The data:
################
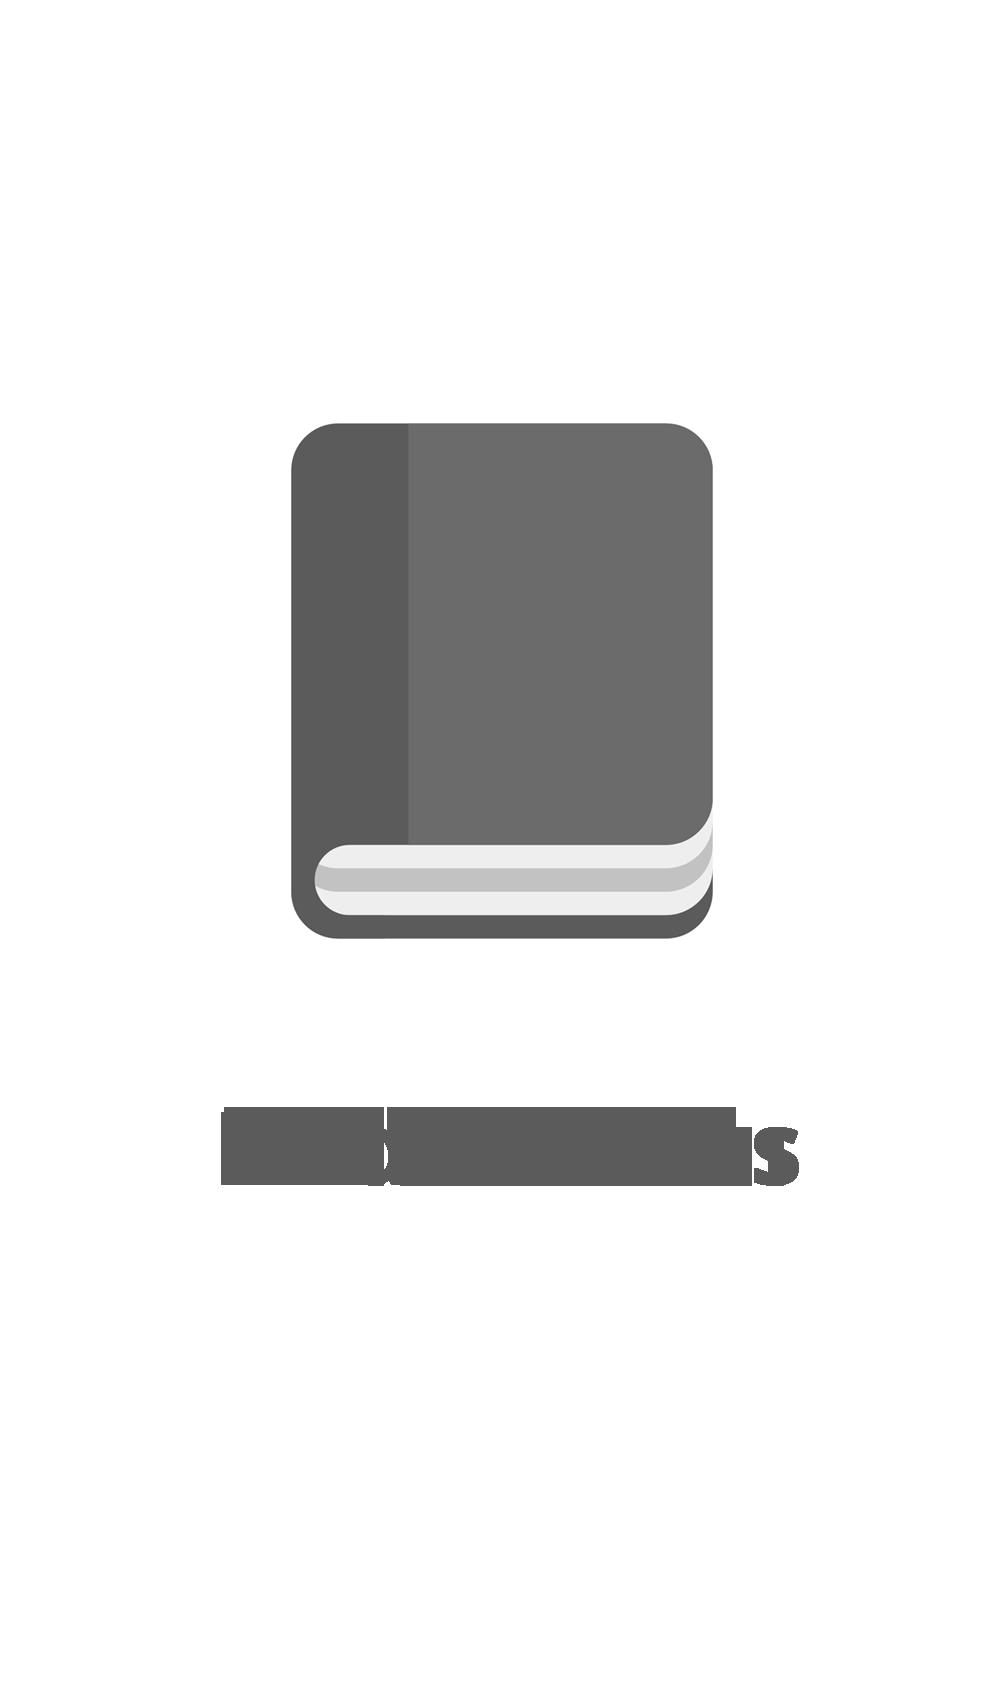 Sticker Display - Cardboard
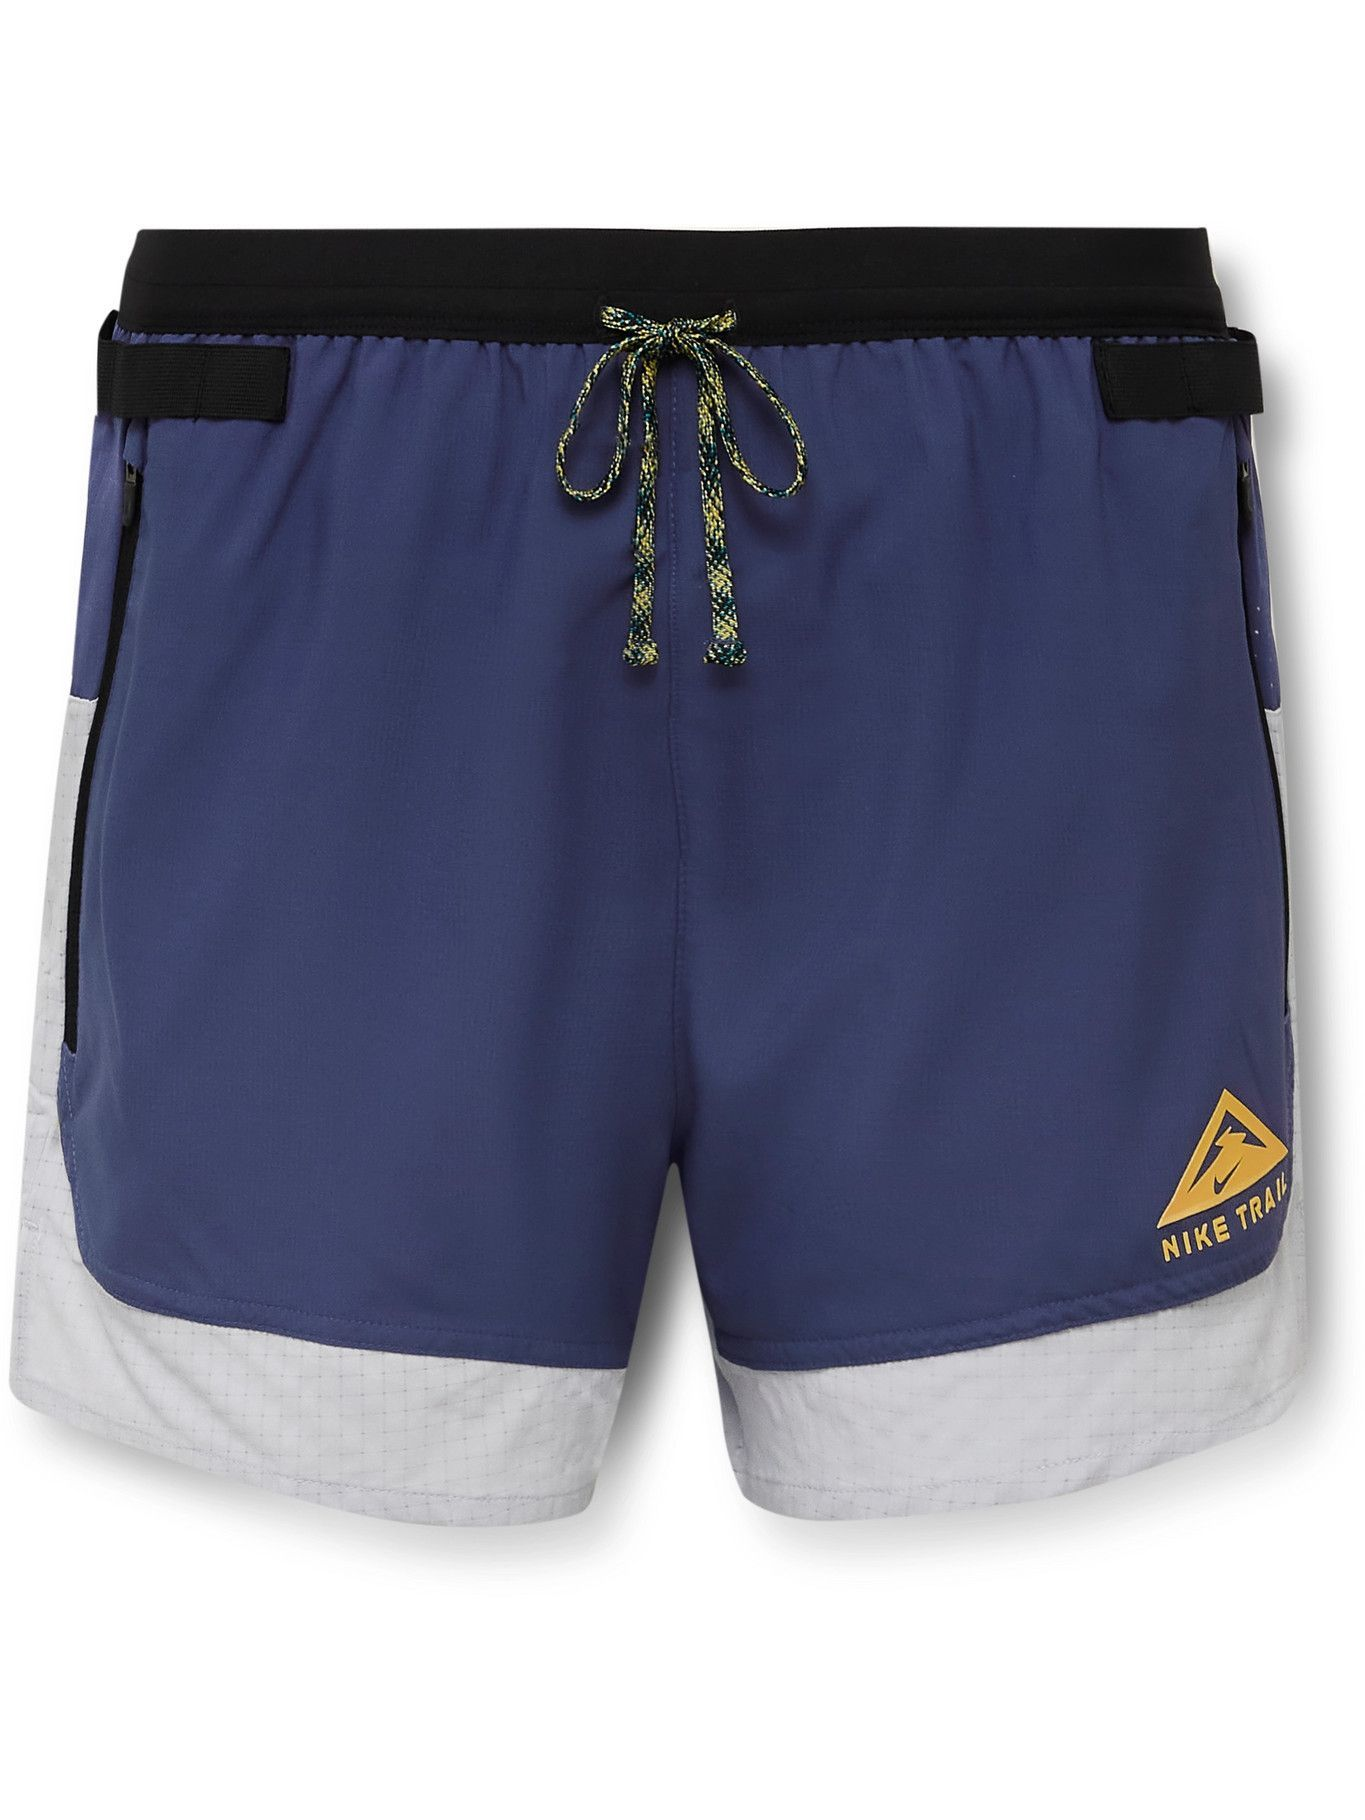 Photo: NIKE RUNNING - Flex Stride Dri-FIT Ripstop Shorts - Purple
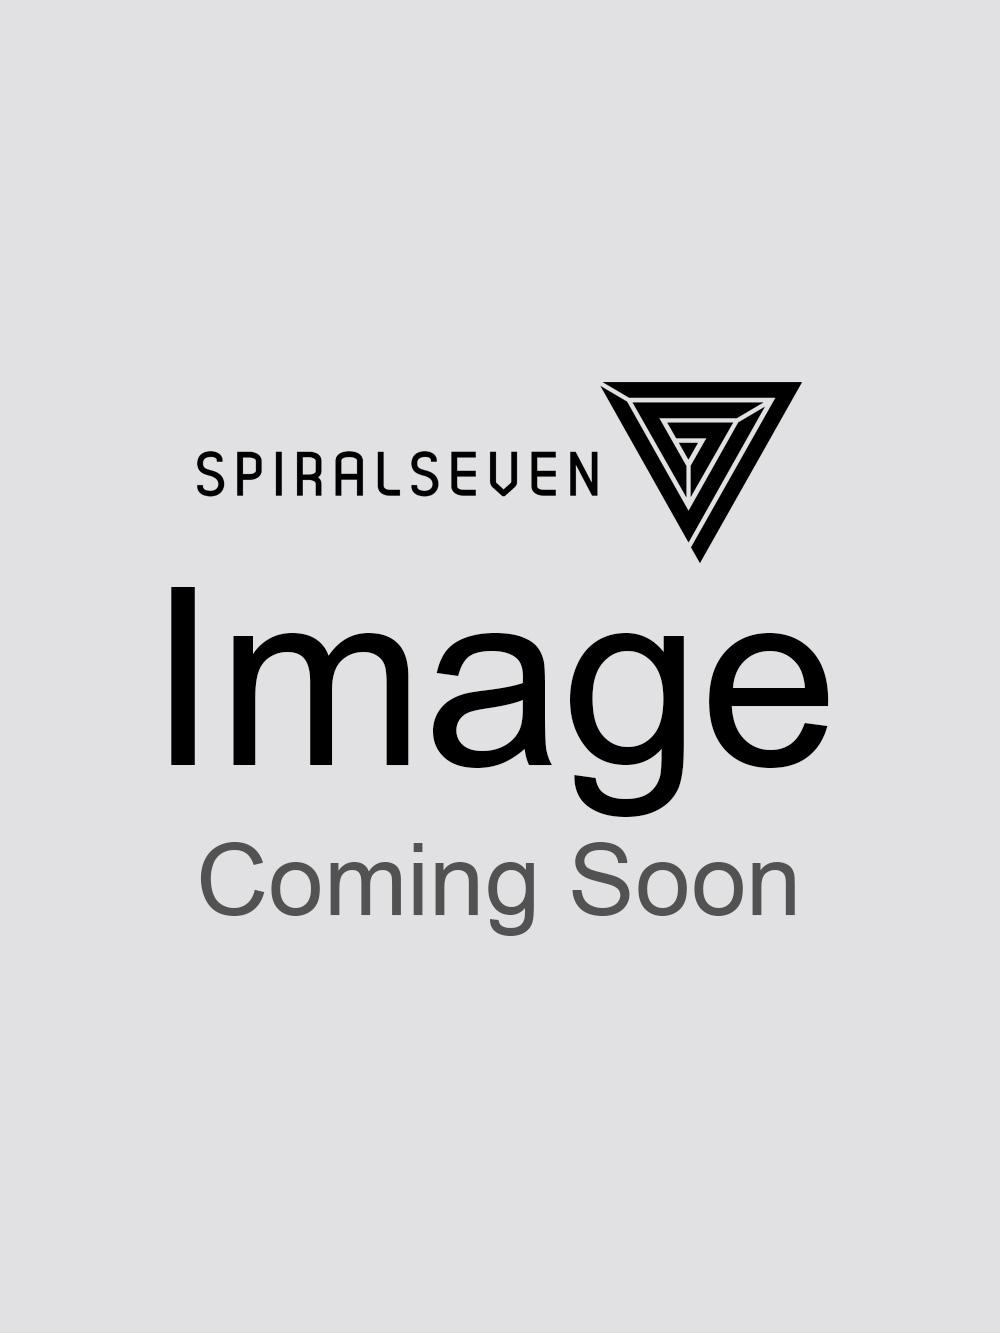 ed84e0acc6 Fila Vintage Peter Colour Block Shorts Directoire Blue | Spiral Seven -  Designer Clothing
################
What you are asked to do: Set down the whole listing word for word, omitting the pictures.

Response to the exercise:
 Sticker Display - Cardboard
 Photo: NIKE RUNNING - Flex Stride Dri-FIT Ripstop Shorts - Purple
 ed84e0acc6 Fila Vintage Peter Colour Block Shorts Directoire Blue | Spiral Seven -  Designer Clothing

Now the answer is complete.